Green fava beans recipes – Mada seasonal vegetable series
Two tasty vegan recipes for green fava beans

Green fava beans can be used to make all kinds of salad, as well as hot dishes that are both healthy and delicious. Below are two vegan recipes: green fava rice with coconut and coriander, and green fava beans with herbs.

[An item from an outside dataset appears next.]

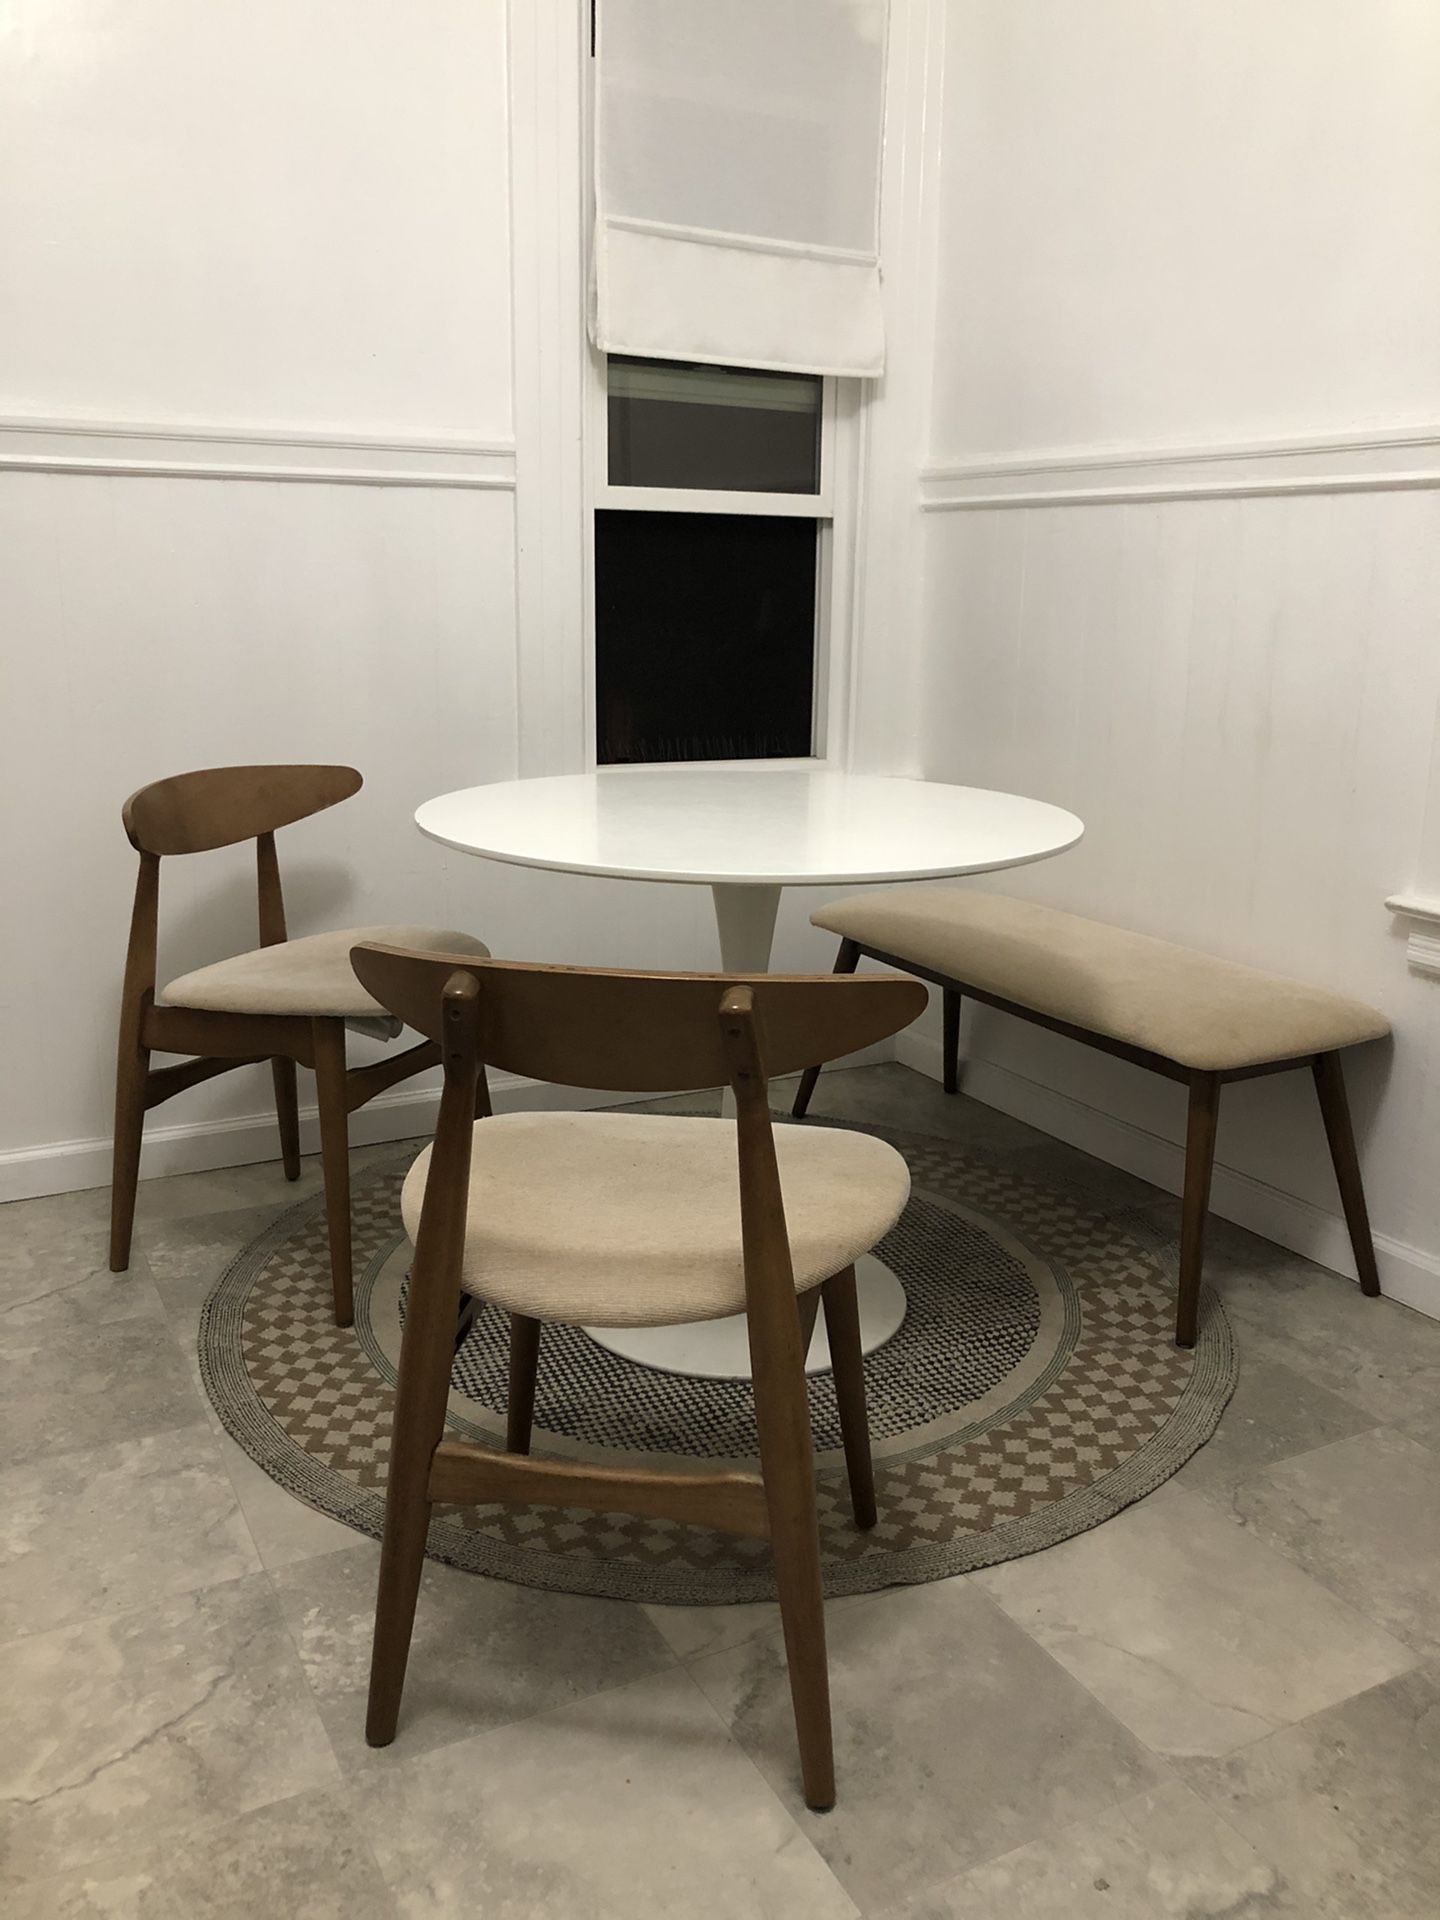 White circular dining table (free chairs, bench and rug - optional)

Fava rice with coconut and coriander


  1. Cook rice according to the package instructions, adding the cardamom pods to the cooking water at the start. Any other type of rice may be substituted.
  2. Meanwhile, bring another small pot of salted water to the boil. Add the fresh shelled fava beans to the boiling water and blanch until just tender (around 3 minutes). Drain beans and set aside.
  3. Warm oil in a skillet over medium-low heat. Add brown sugar, stirring until it dissolves. (You can skip the brown sugar, if you prefer.)
  4. Add minced garlic, stir once, then add cinnamon and shredded coconut. Stir frequently until the mixture is golden brown and fragrant (around two minutes). Be careful not to burn, or the garlic will be bitter.
  5. Add cooked rice to skillet, combining it gently with the coconut mixture. Cook for four minutes, stirring occasionally, until heated through and the flavors incorporated. Add the fresh fava beans and cook for another two minutes. Taste towards the end, adding sea salt if necessary.
  6. Take skillet off the heat. Allow rice to cool for a moment, then stir chopped coriander leaves through, and serve. Garnish with a few roughly chopped almonds, if desired. 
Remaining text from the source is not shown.